Raghubar Dayal, J.
1. This is a revision against the judgment of the Small Cause Court Judge, dismissing the plaintiff's suit for the recovery of Rs. 300 paid by him to the defendant and for which the defendant had executed a promissory note and a receipt. The suit was dismissed on the finding that the promissory note was improperly stamped and that oral evidence to prove the loan transaction was inadmissible in view of the fact that the promissory note contained all the terms of the contract.
2. The material portion of the promissory note in suit is in these terms :
'I have at this time borrowed Rs. 300 half of which Rs. 150 in cash according to my needs from you, I shall pay this amount of yours with interest at eight annas per cent. per mensem on demand and have, therefore, written these few sentences by way of a stamped promissory note so that they be of use in time of need.'
These expressions to nay mind are exactly those which were the subject matter of discussion in the case reported in Ram Nath v. Bhagwati Prasad, 1945 ALL. L.J. 483. It was decided in that case that these expressions included all the substantial terms of the contract of loan and that, therefore, no oral evidence to prove the loan transaction was admissible. The learned Judge of the Court of Small Causes has relied on this judgment and I think correctly.
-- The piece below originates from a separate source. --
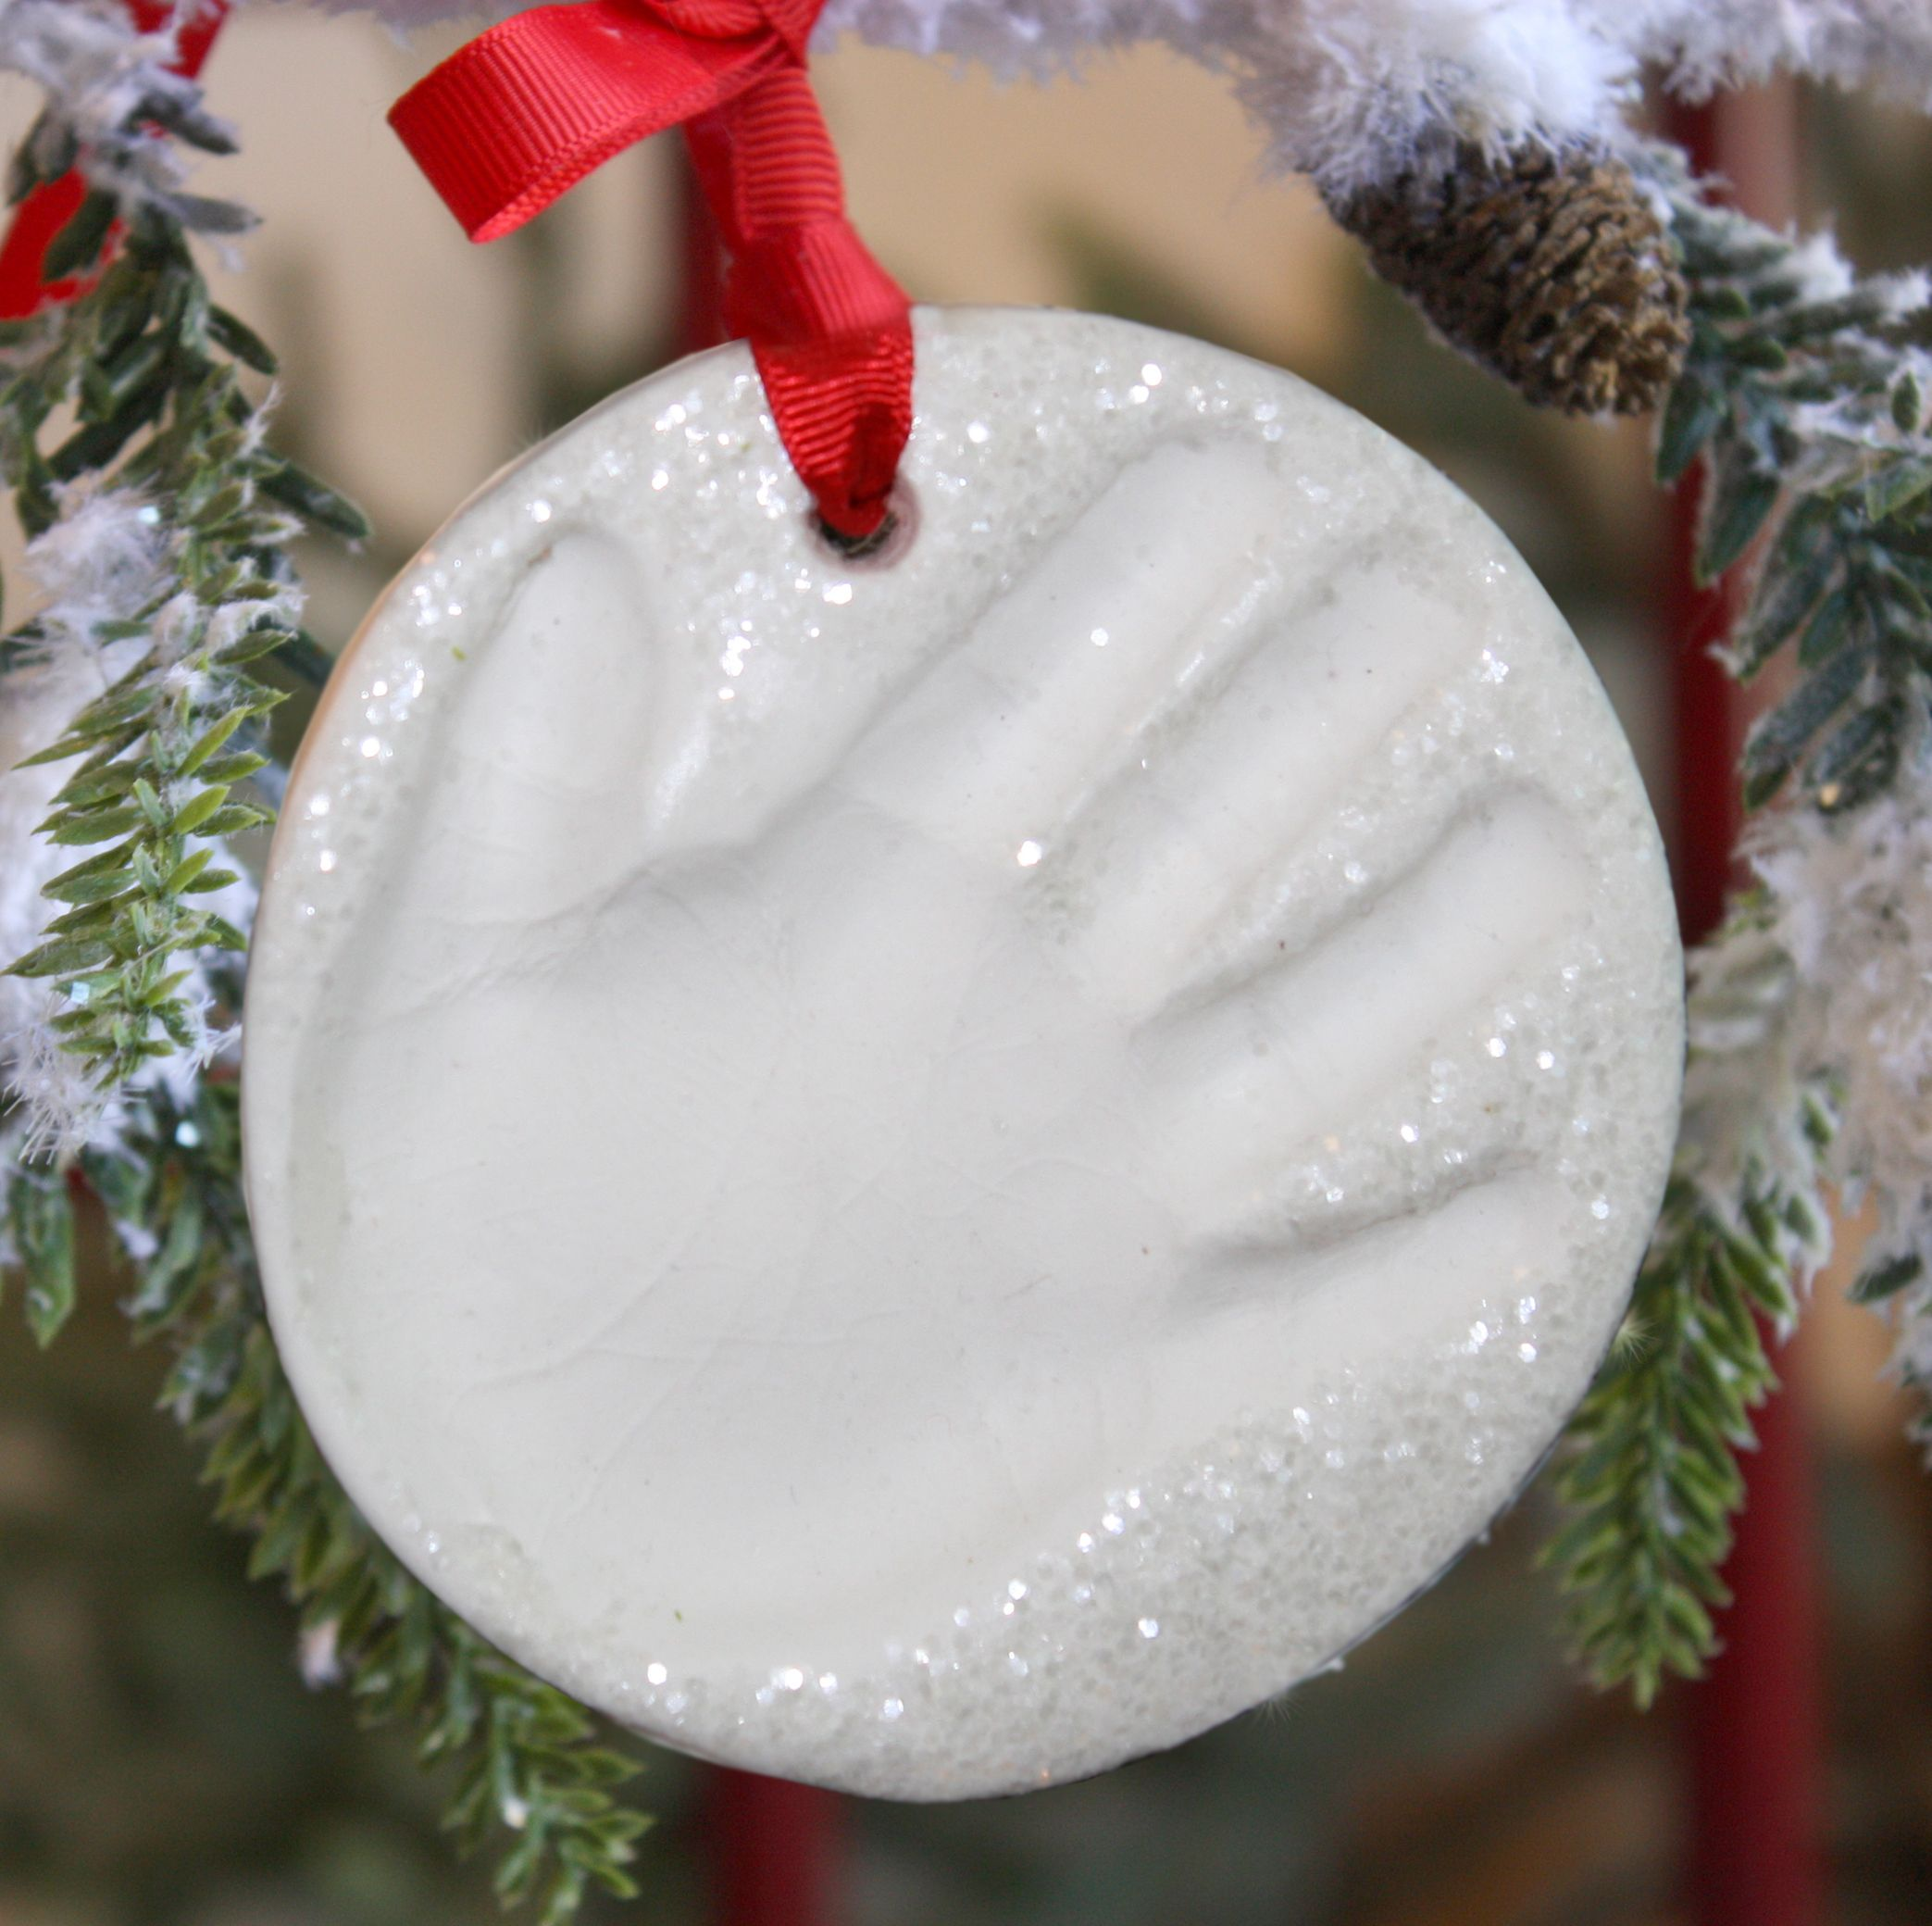 Child To Cherish Snowprints Handprint Ornament Kit Handprint Ornaments Baby Handprint Handprint Christmas

3. It has been urged before me that the learned judges did not fully consider the principles laid down in the Full Bench case, reported in Sheonath Prasad v. Sarjoo Nonia, 1943 ALL. L. J. 189 (F. B.) and that they did not take into consideration that the term of the contract with regard to the function of the promissory note as contemplated by Dar J. at p. 194 was not embodied in the promissory note they held to contain all the terms of the contract. The contention really is that the promissory note should state whether it was being given by the debtor to the creditor as an absolute payment or as a conditional payment or as a collateral security for the loan. It does not appear from the judgment of the other judges constituting that Full Bench that a contract of loan invariably has any such term and it is such term which is usually omitted from a promissory note and due to which omission their Lordships thought that a promissory note rarely, if ever, contained all the terms of the contract between the parties. It cannot, therefore, be said that the Judges in the 1945 case missed noticing an essential feature of the Full Bench decision in 1943.
4. Even if it be held that the Full Bench in 1943 held that contract of loan has one of its terms to this effect, I am of opinion that the expression in the promissory note in suit to the effect 'that, therefore, these few sentences by way of a stamped promissory note had been written so that they be of use in need, ' complies with that requirement, as these expressions indicate the purpose of the writing of the promissory note it being that it was to serve the purpose of a promissory note as a promise of the executant to pay when it be necessary to refer to it.
5. In view of the above I am of opinion that the order of the learned Judge of the Court of Small Causes is correct. I, accordingly, dismiss this revision with costs.